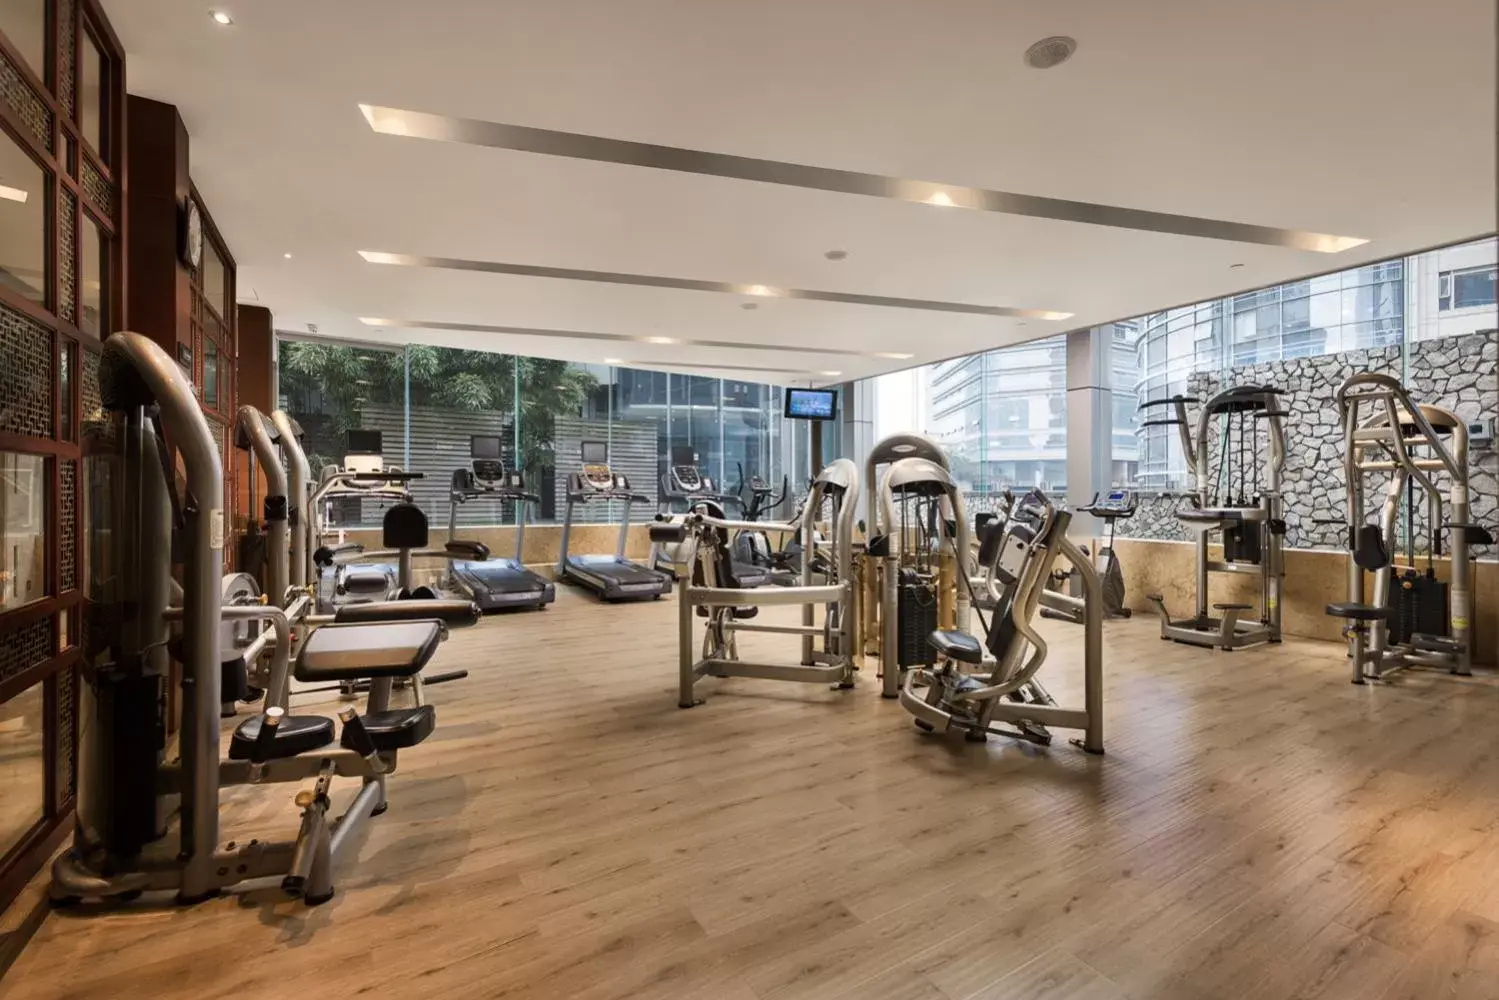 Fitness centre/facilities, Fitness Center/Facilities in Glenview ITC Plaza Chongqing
------------------------------------------------
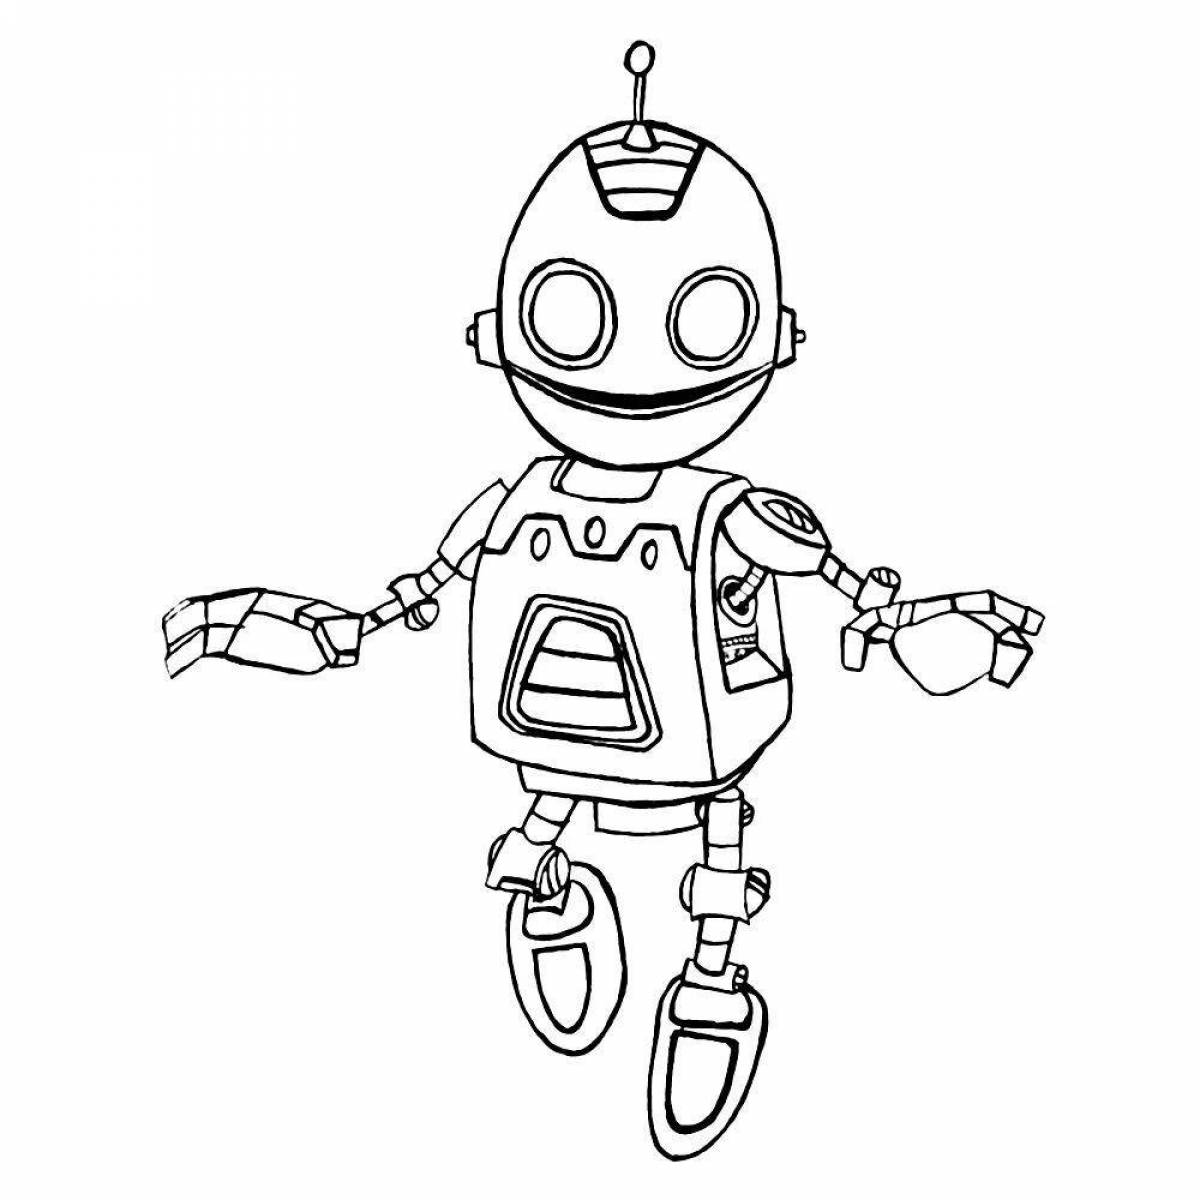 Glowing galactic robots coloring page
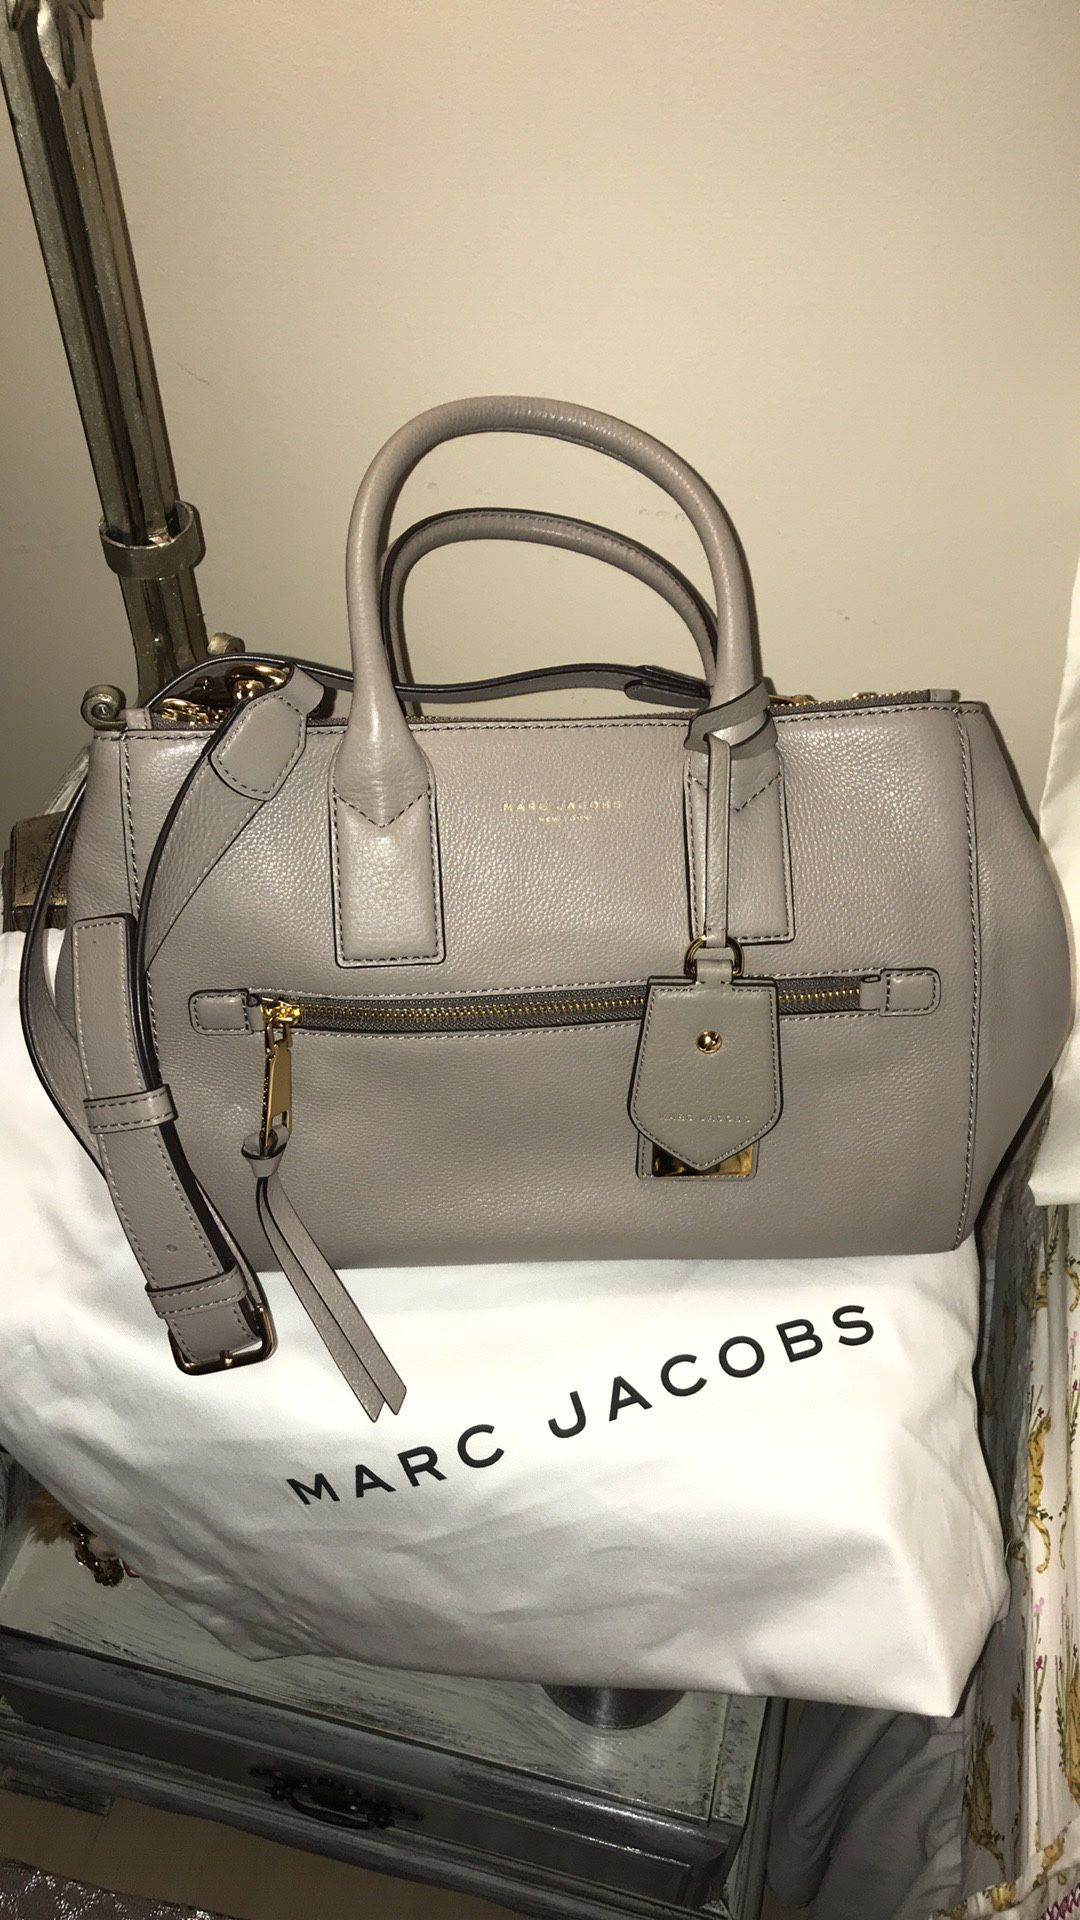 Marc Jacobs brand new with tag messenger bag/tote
------------------------------------------------
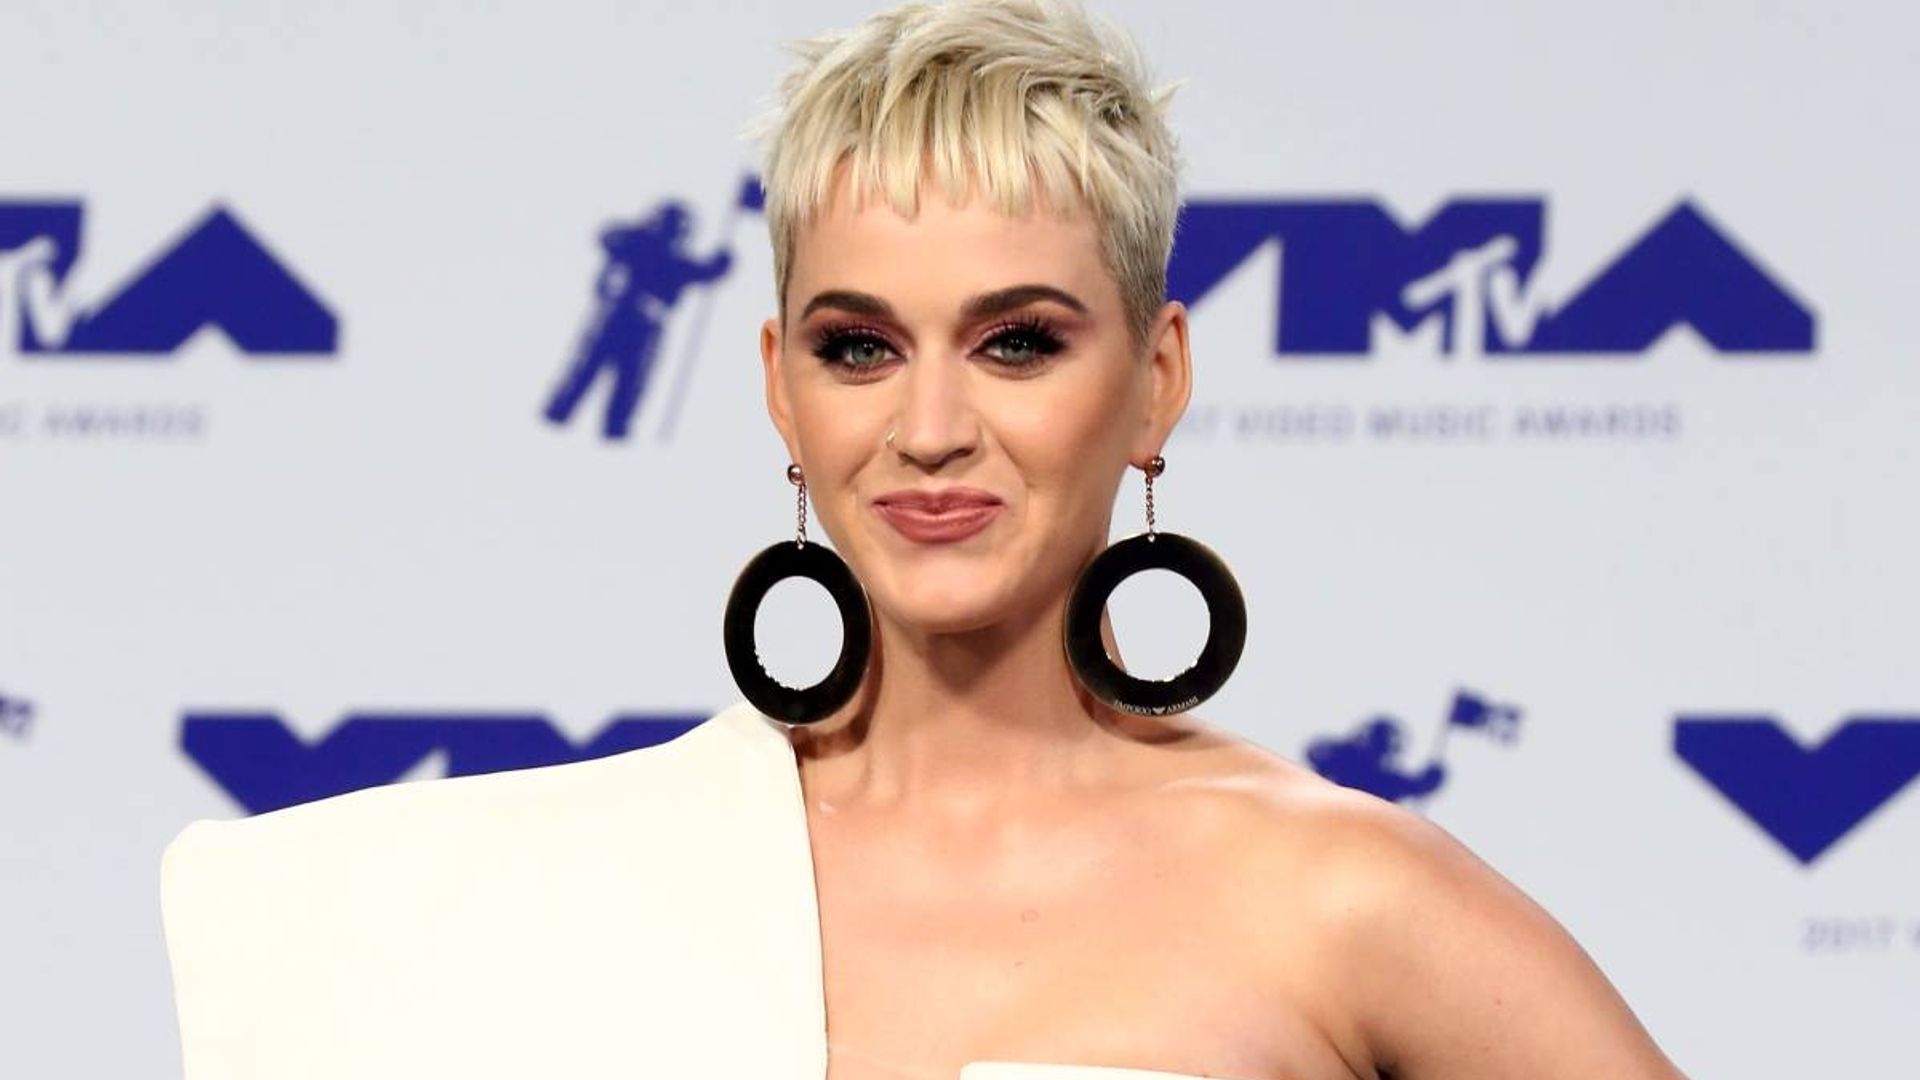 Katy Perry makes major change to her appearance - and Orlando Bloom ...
------------------------------------------------
### [What you should do]
Your answer must be everything above from the line with "Glowing galactic robots coloring page" down to the line with "Marc Jacobs brand", word for word, and no pictures.

### [Problem solution]
 Glowing galactic robots coloring page
 Marc Jacobs brand new with tag messenger bag/tote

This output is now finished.